Processing breakpoint instructions and restoring the original instruction


As you know, the breakpoint statement (EXCEPTION_BREAKPOINT) is the type of exception that comes with the EXCEPTION_DEBUG_EVENT debugging event. We handle debugging events using the EXCEPTION_DEBUG_INFO structure. The code below will help you remember and understand:

// Inside debugger-loopswitch(debug_event.dwDebugEventCode)
{
   case EXCEPTION_DEBUG_EVENT:
   {
        EXCEPTION_DEBUG_INFO & Exception = debug_event.u.Exception; // Out of union// Exception.ExceptionCode would be the actual exception code.
...


The operating system will always send one breakpoint instruction to the debugger, which will indicate that the process is loading. That is why you can "set the breakpoint instruction at the start address" on the very first exception of the breakpoint. This ensures that all breakpoints after the first are yours.
No matter where your breakpoints are, you still need to ignore the first breakpoint event.
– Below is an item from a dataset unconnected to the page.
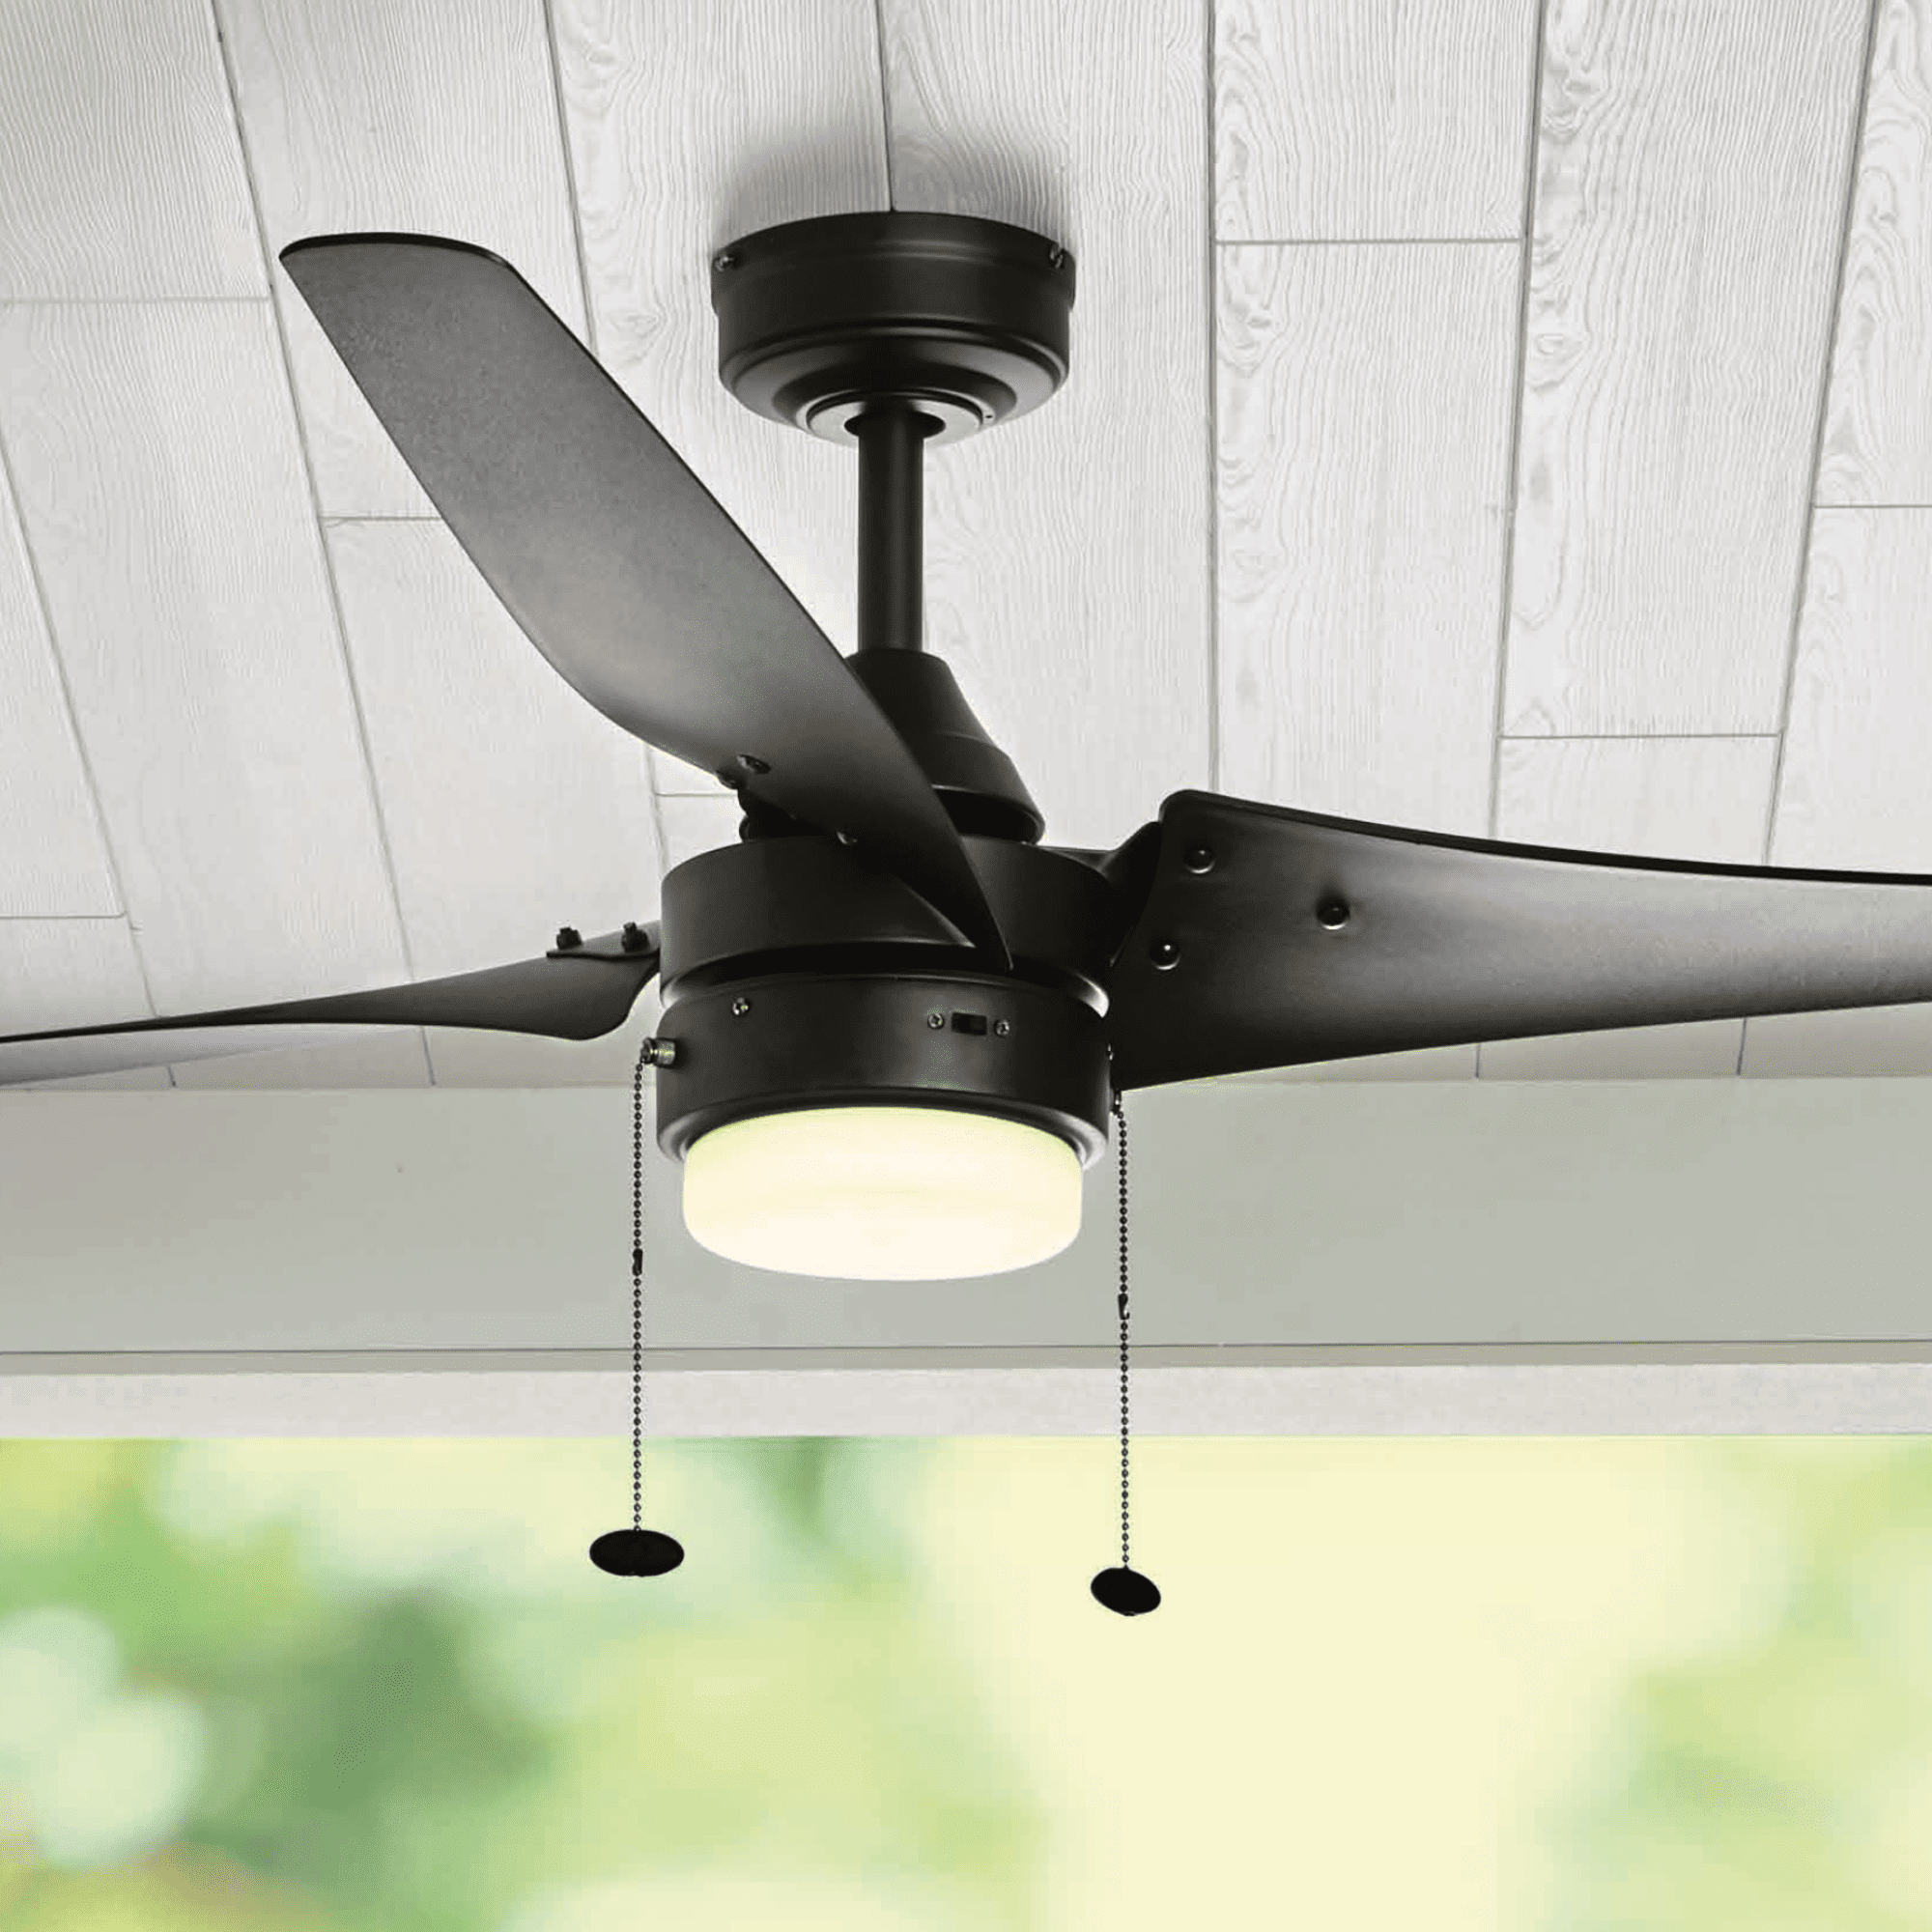 Better Homes and Gardens 56” Black Indoor/Outdoor Ceiling Fan with 3 Blades， Light Kit， Pull Chains and Reverse Airflow

Although debuggers, such as WinDbg, will show you this breakpoint, the Visual Studio debugger will ignore this breakpoint and start execution from the logical beginning of the program (main / WinMain, not CRT-Main).
Thus, the interrupt handling code will look like this:

// 'Exception' is the same variable declared aboveswitch(Exception.ExceptionRecord.ExceptionCode)
 {
 case EXCEPTION_BREAKPOINT:
  if(m_bBreakpointOnceHit) // Would be set to false, before debugging starts
  {
     // Handle the actual breakpoint event
  }
  else
  {
     // This is first breakpoint event sent by kernel, just ignore it.// Optionally display to the user that first BP was ignored.
     m_bBreakpointOnceHit = true; 
  }
  break;
...


You can also use the else part to set a breakpoint instead of setting it during a process start event. In any case, the main processing of the breakpoint event occurs in the if-part. We need to handle the breakpoint that we placed at the start address.
It becomes difficult and intriguing - concentrate, read carefully, sit down relaxed. If you did not have a break while you read this article, do it!
In simple words, the breakpoint event occurred where we placed it. Now we just interrupt the execution, show the call stack (and other useful information), return the original instruction and wait for any action from the user to continue debugging.
At the assembler or machine code level, when a breakpoint event was generated and sent to the debugger, the instruction was already executed, although it was only one byte in size. The instruction pointer has already moved to this byte.
Thus, in addition to writing the original instructions at our address, we also need to adjust the processor registers. We can get and set the registers of our particular process using the GetThreadContext and SetThreadContext functions. Both functions take a context structure. Strictly speaking, members of this structure depend on the processor architecture. Since this article is about x86 architecture, we will follow the same structure definition that can be found in the winnt.h header file.
Here's how we can get the flow context:

CONTEXT lcContext;
lcContext.ContextFlags = CONTEXT_ALL;
GetThreadContext(m_cProcessInfo.hThread, &lcContext);
 Окей, мы получили его. Что теперь?
В регистре EIP содержится адрес следующей инструкции для выполнения. Он представлен членом Eip структуры CONTEXT. Как я уже упоминал раннее, EIP продвинулся вперёд и мы должны вернуть его обратно. К счастью для нас, нам надо всего лишь переместить его ровно на один байт, так как инструкция точки останова равна по длине одному байту. Именно это и делает код ниже:
lcContext.Eip --; // Move back one byte
SetThreadContext(m_cProcessInfo.hThread, &lcContext);


EIP is the address at which the processor will read the next instruction and execute it. You must have the rights THREAD_GET_CONTEXT and THREAD_SET_CONTEXT to successfully perform these functions, and you already have them.
Let me briefly switch to another topic: restoring the original instructions! To write the original instruction in the running process, we must call WriteProcessMemory, followed by FlushInstructionCache. Here's how to do it:

DWORD dwWriteSize;
WriteProcessMemory(m_cProcessInfo.hProcess, StartAddress, &m_cOriginalInstruction, 1,&dwWriteSize);
FlushInstructionCache(m_cProcessInfo.hProcess,StartAddress, 1);


Original instructions restored. We can call ContinueDebugEvent. What have we done:
  1. GetThreadContext, reduce EIP by one, SetThreadContext.
  2. Restore original instructions
  3. Continue Debugging

Well, where's the call stack? Registers? Source? And when will the program end? All this will be without user interaction!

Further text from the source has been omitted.